Estasiato, Silumin non sapeva cosa dire ma alla fine, con la gola secca dallo stupore, e dal misto di emozioni, riuscì solo a dire: «Accetto, maestro», perché sapeva che questa era la formula rituale per acconsentire a decisioni facoltative «Bene, io ora mi assenterò, quindi al mio ritorno o sarai morto o ti verrà concesso di seguirmi».
Detto questo sciolse l’incantesimo che avvolgeva il vegetale e, se ne andò cavalcando il candido Iod che poco prima aveva accompagnato Silumin in uno dei giorni più importanti della sua vita.

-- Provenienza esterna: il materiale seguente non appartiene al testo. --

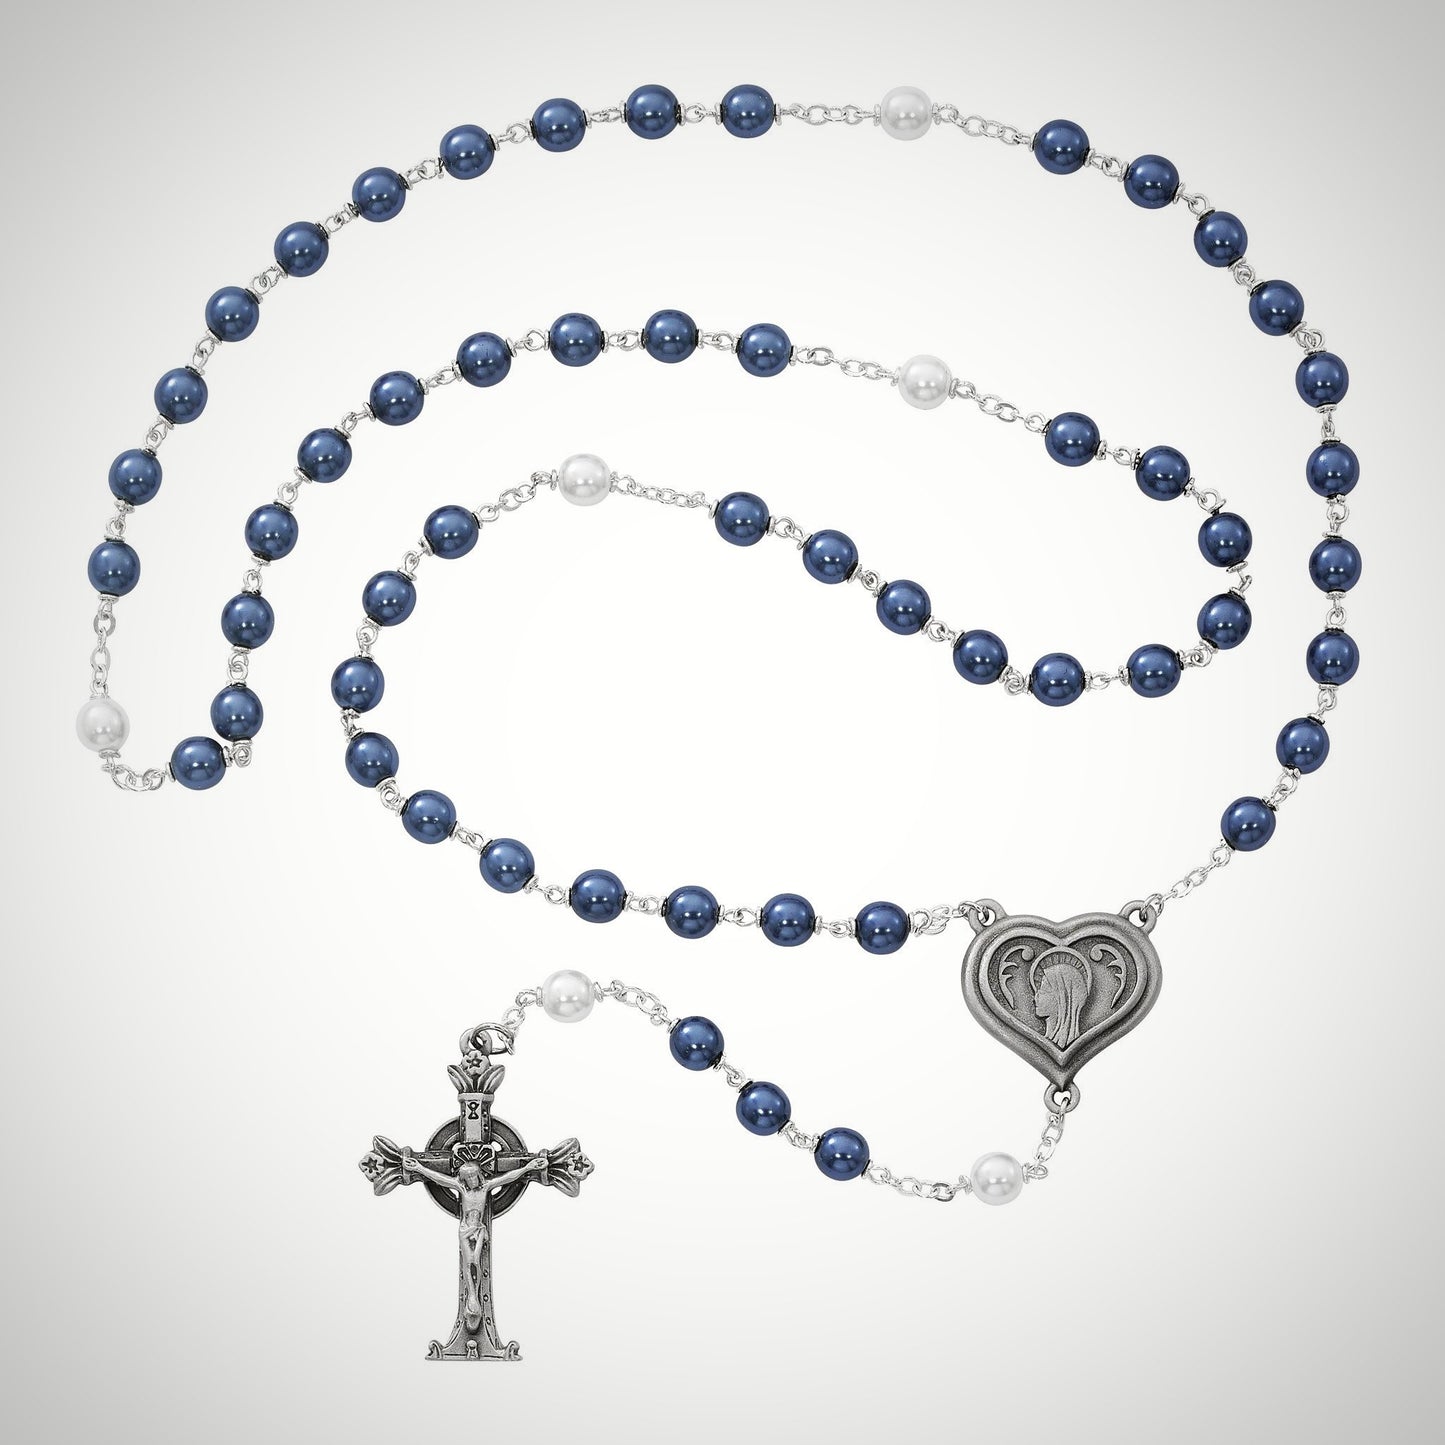 Blue and Pearlized Glass Lourdes Water Rosary Boxed

Il maestro, naturalmente, non si allontanò dal luogo dove il suo sottoposto stava per compiere una delle sue più pericolose prove, ma si era reso invisibile. La prova consisteva nel constatare la volontà, una prova importantissima sia per un mago che per un guerriero. In quel modo si sarebbe visto se il giovane aveva le effettive capacità di compiere l’ addestramento da mago guerriero. Con Silumin lui aveva passato poco più di un anno insegnandogli tutto il necessario sulla base della magia, alchimia, geografia e storia. “Persino nelle corti, spesso, figli di nobili, giunti a due anni di apprendistato, non posseggono ancora le capacità necessarie per apprendere la magia”, con questo suo pensiero non voleva sminuire la classe nobiliare quanto elevare quella agricola. Sapeva per certo che Silumin era dotato, era una vera e propria fortuna essere diventato suo tutore, perché per un mago guerriero la cosa più importante dopo la morte del maestro, e il completamento degli studi era di trovare un allievo dotato.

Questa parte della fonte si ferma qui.